If you have a specific activity that you would like fragments to launch into you can customize this by setting MvRxLauncherMockActivity.activityToShowMock
.
You can customize the content shown in the MvRxLauncher by subclassing MvRxLauncherActivity
and opening your subclass instead. You can override the buildCustomModels
function to specify additional RecyclerView rows to show with the Epoxy library.
Since each mocked fragment is launched in isolation it must be able to function independently, without assuming any other fragments or activities are present. For example, it must not make assumptions about what its parent fragment or parent activity is.
This means that if you need inter-fragment communication you cannot assume another fragment exists, but instead must use decoupled approaches, such as a Dagger injected class.
Note that the same restriction applies for fragments being run in automatic test suites, so all MvRx fragments should follow this.
MvRx inspects the app Dex files to find all MvRx fragments and their declared mock states and arguments. This discovery process is the same as when tests are run on Fragments. This process can take some time, so Fragment and mock information is saved in shared preferences for faster loading on subsequent app starts.
When a Fragment is selected for display the chosen mock state is applied to it (again, using the same technique as in tests). This is done via a mocked MvRx State Store which allows us to force a certain state, while blocking external calls to set state.

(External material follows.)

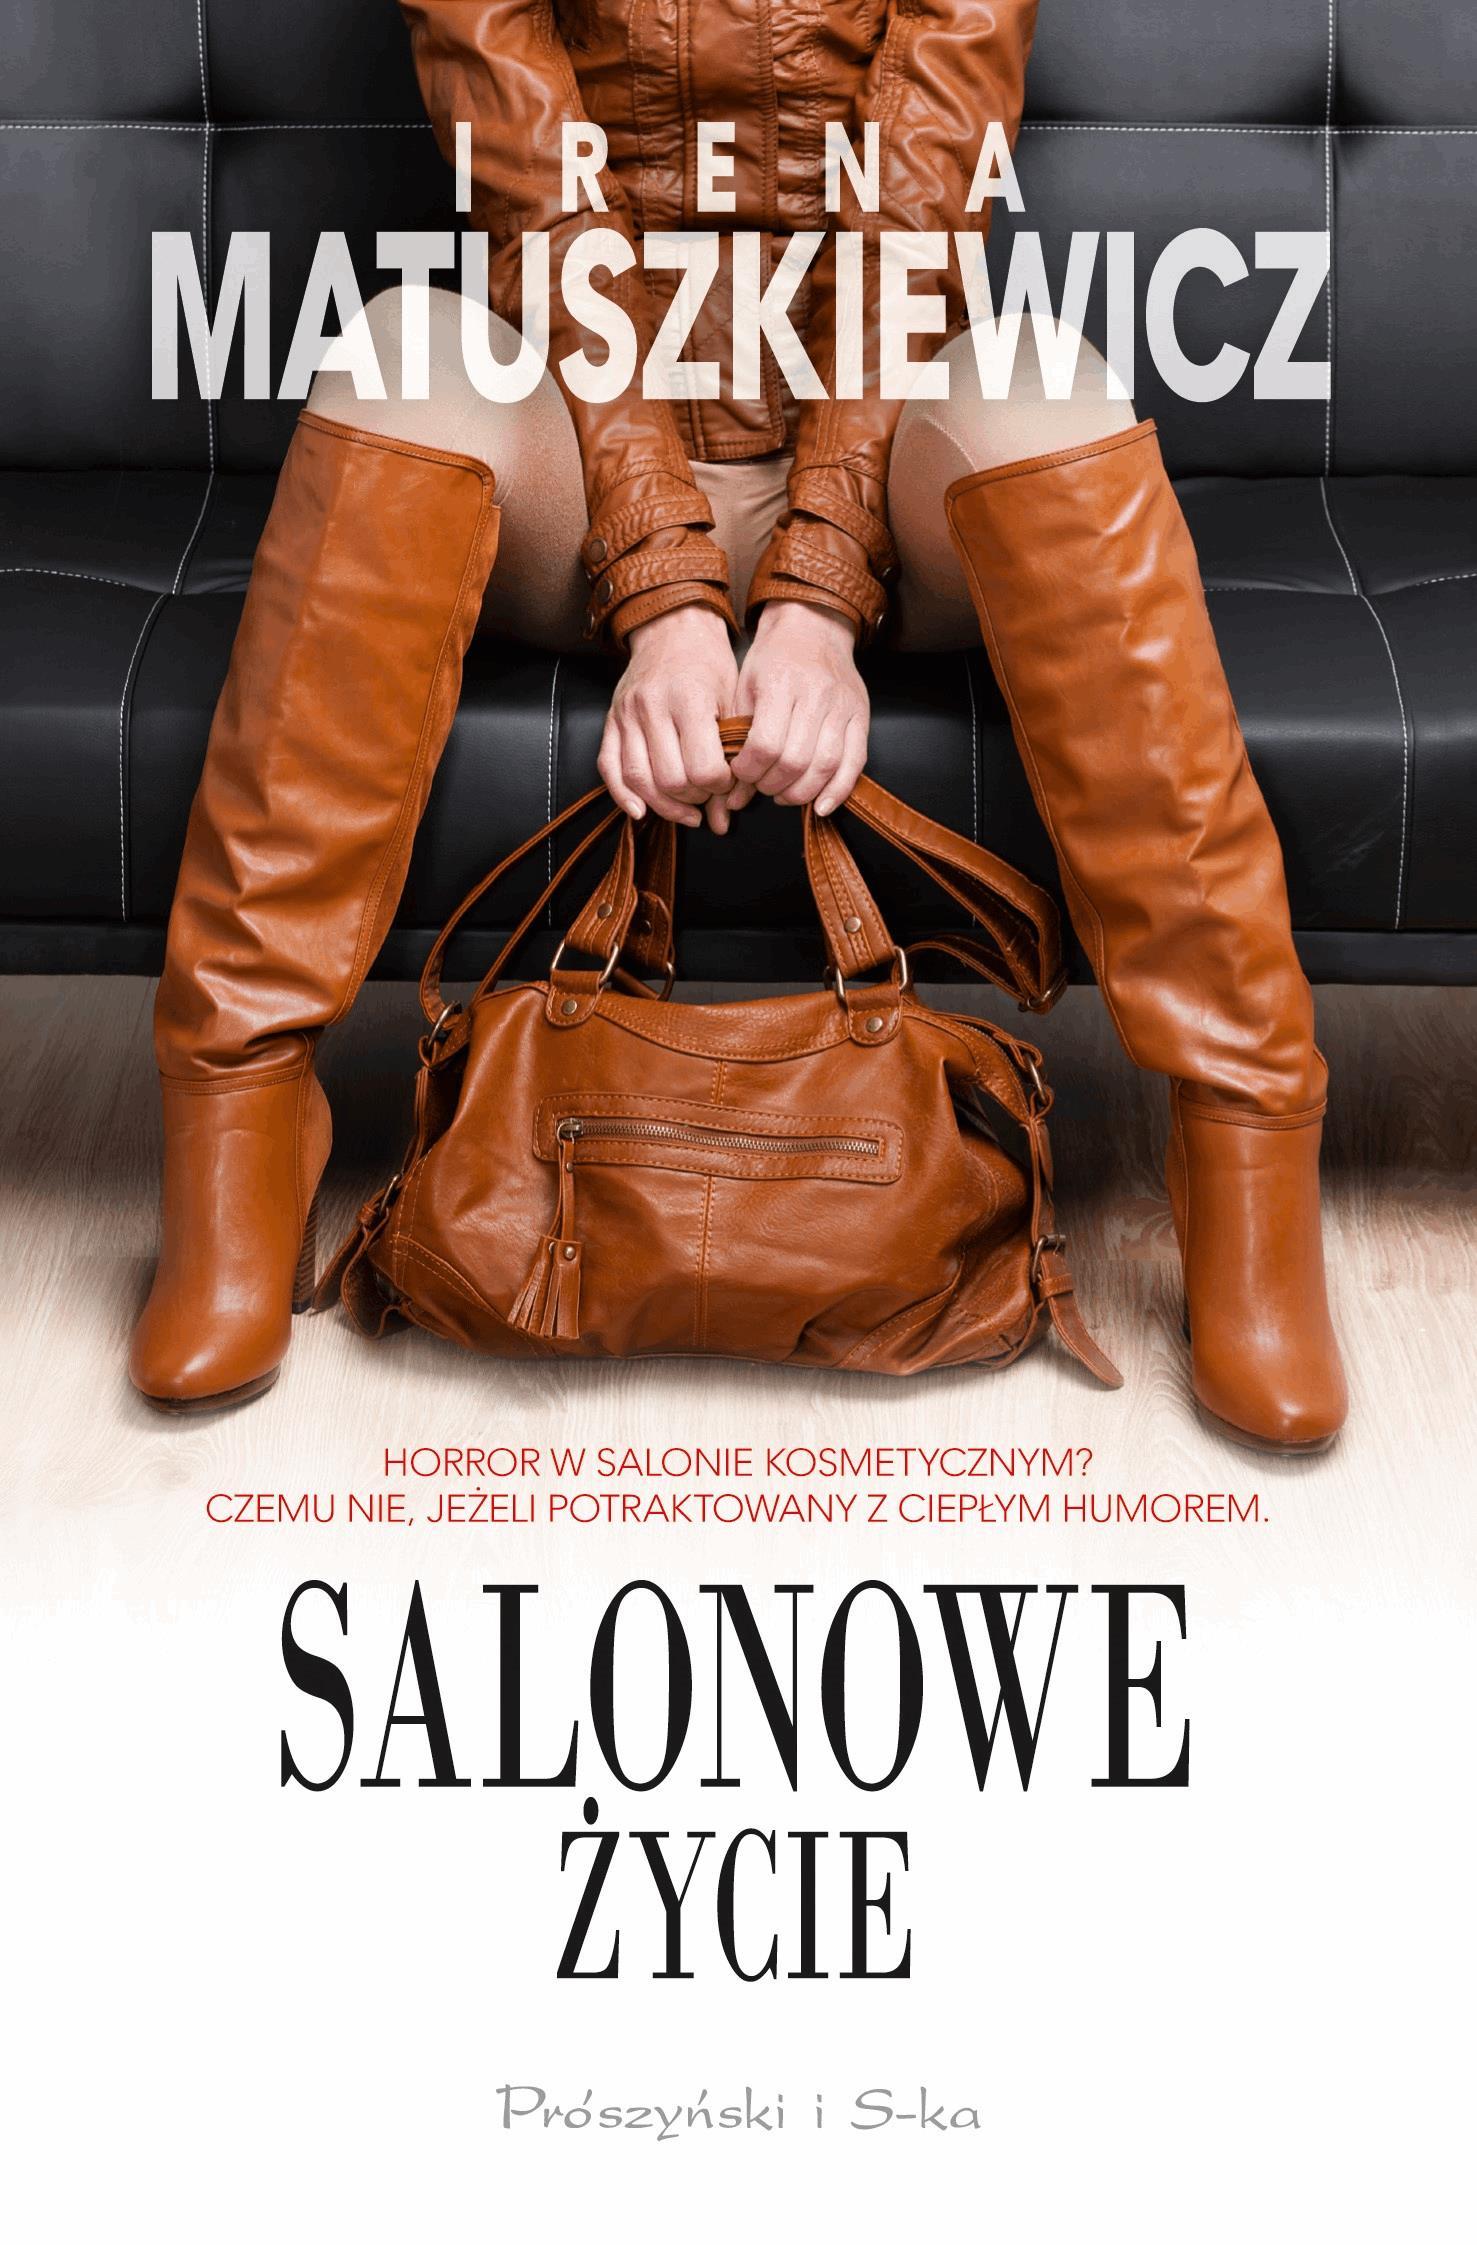 Salonowe życie - Tylko w Legimi możesz przeczytać ten tytuł przez 7 dni za darmo. - Irena Matuszkiewicz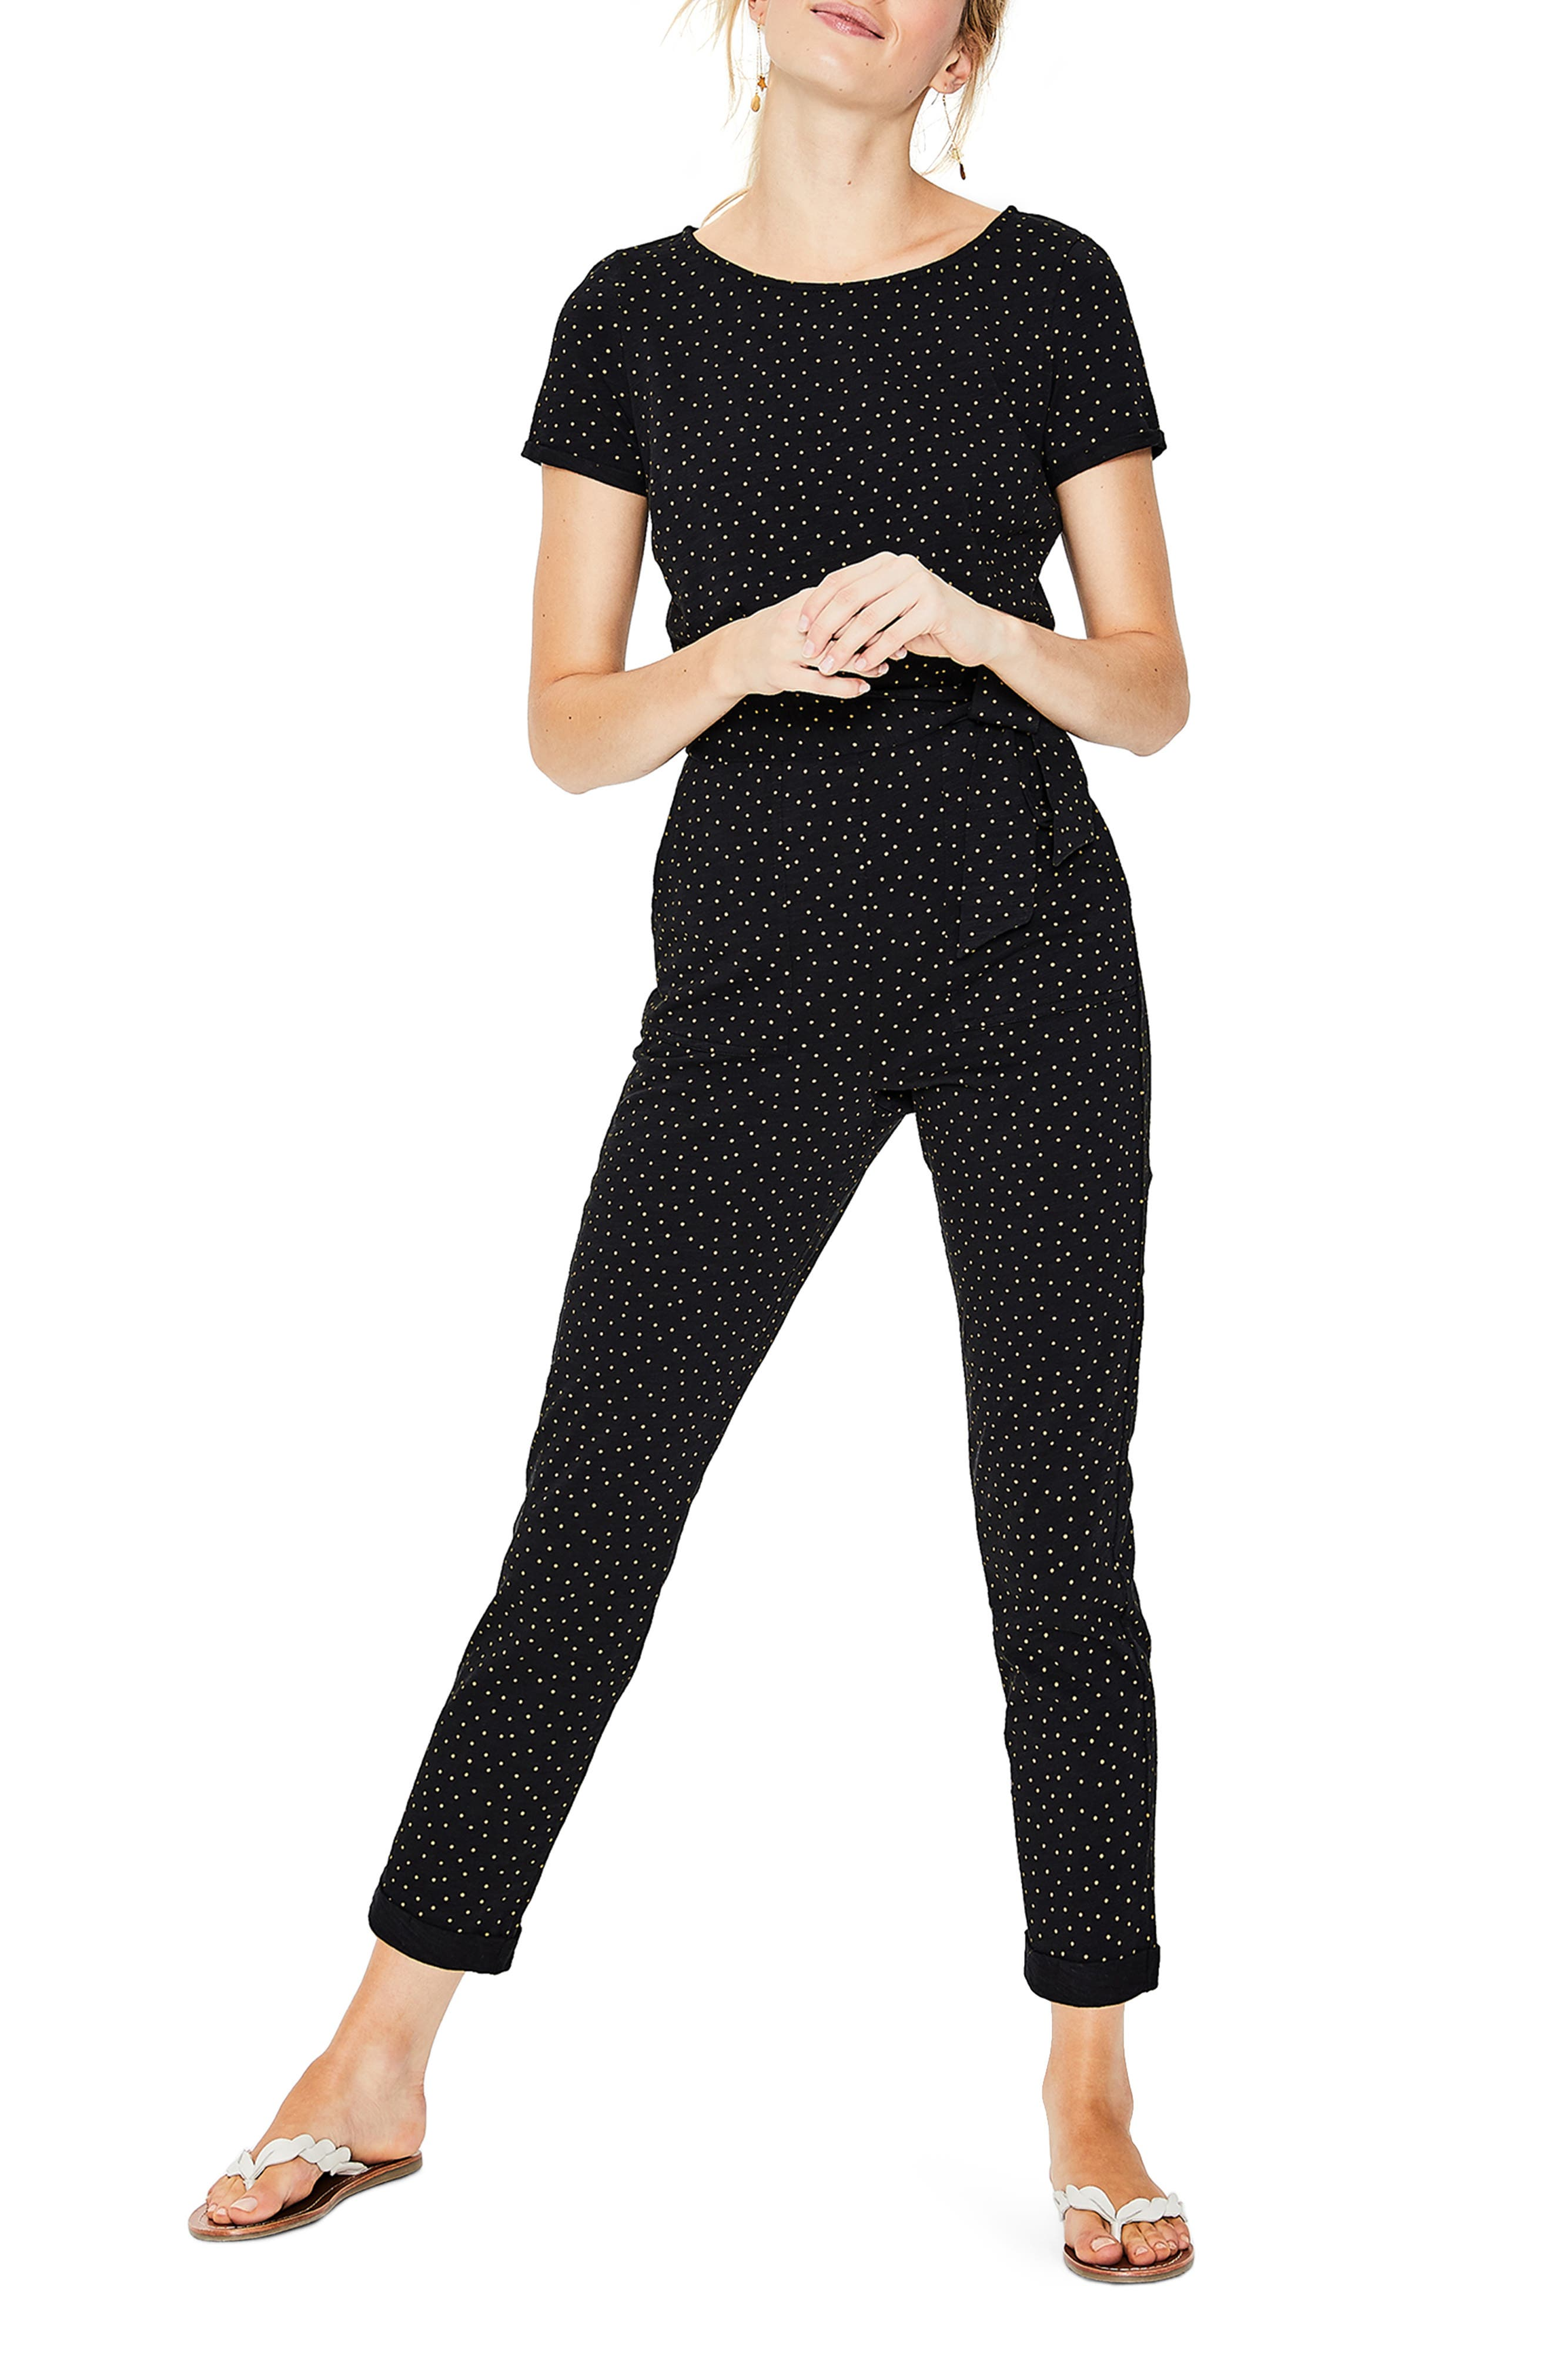 BODEN, Caitlin Jersey Jumpsuit, Main thumbnail 1, color, BLACK/ SOFT TRUFFLE SPOT

This prevents normal ViewModel or Fragment initialization from overriding the mock state.
If the Fragment uses an existingViewModel
then we override that to instead act like activityViewModel
. This is necessary since we synthetically jumped into the middle of a flow so previous view models won't exist.
Network (or other Async
operations) that are started on fragment initialization are blocked so that they don't override the forced mock state. Once initialization is over the mocked ViewModel state store is switched to a functional store so that the screen can be interacted with like normal, and future state updates due to user interaction are allowed.